How to use Let’s Encrypt certificates with Ingress Controller for SUSE CaaS Platform and SUSE Cloud Application Platform
This how to will describe how to get proper certificates in your SUSE Caas Platform envirnoment using Let’s Encrypt certificates and Ingress controller. At the final stage a SUSE Cloud Application Platform deployment will be done.

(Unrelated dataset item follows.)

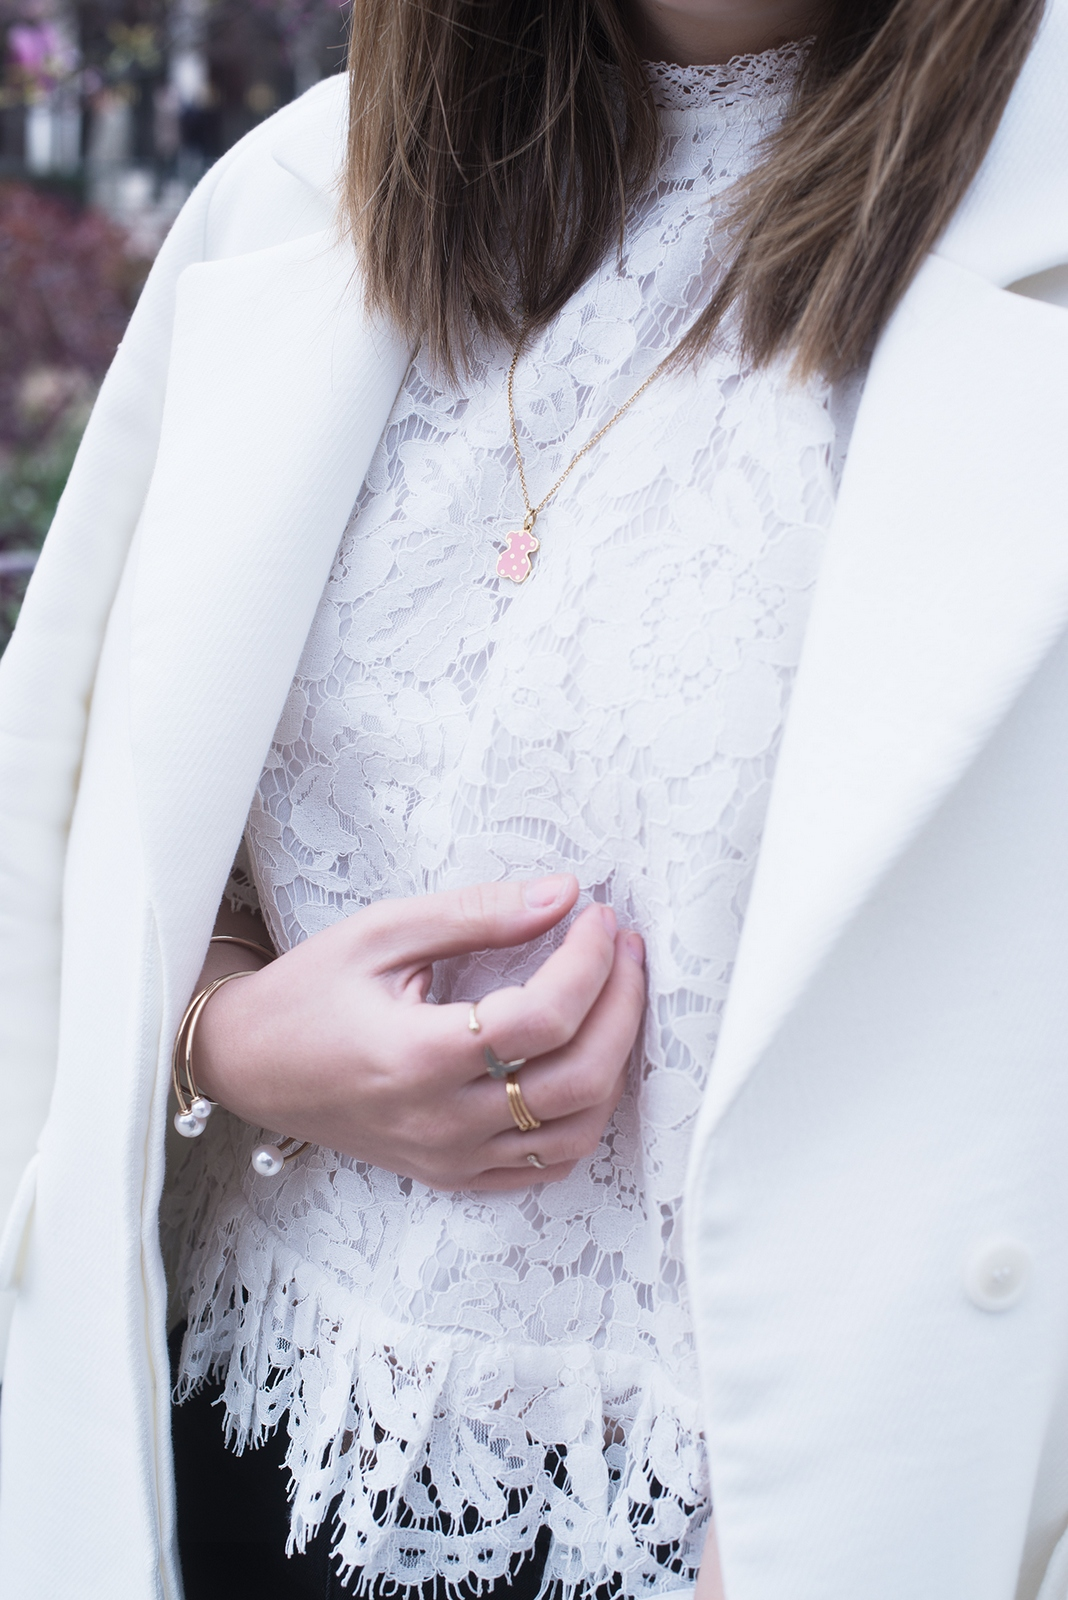 Blog mode femme Paris - Du style, Madame - streetstyle - top dentelle blanc - tous jewellery

The purpose of the how to is to share how proper certificates can be used in your testing or development environments, some shortcuts have been taken. It is not recommended for a production environment. Many components deployed (cert-manager, k9s etc) are not provided by or supported by SUSE.
Prerequisites
- a working SUSE CaaS Platform environment
- a domain name – this guide will be using suse.ninja, modify all references to YOUR domain
- a wildcard domain name pointing to one of the nodes in your cluster, in this guide *.cap1.suse.ninja
- a Cloudflare account to manage the public DNS for the domain name
- your Cloudflare Global API Key (go to your Cloudflare profile > API Tokens)
- a working nfs server for storage claims (or an existing working StorageClass)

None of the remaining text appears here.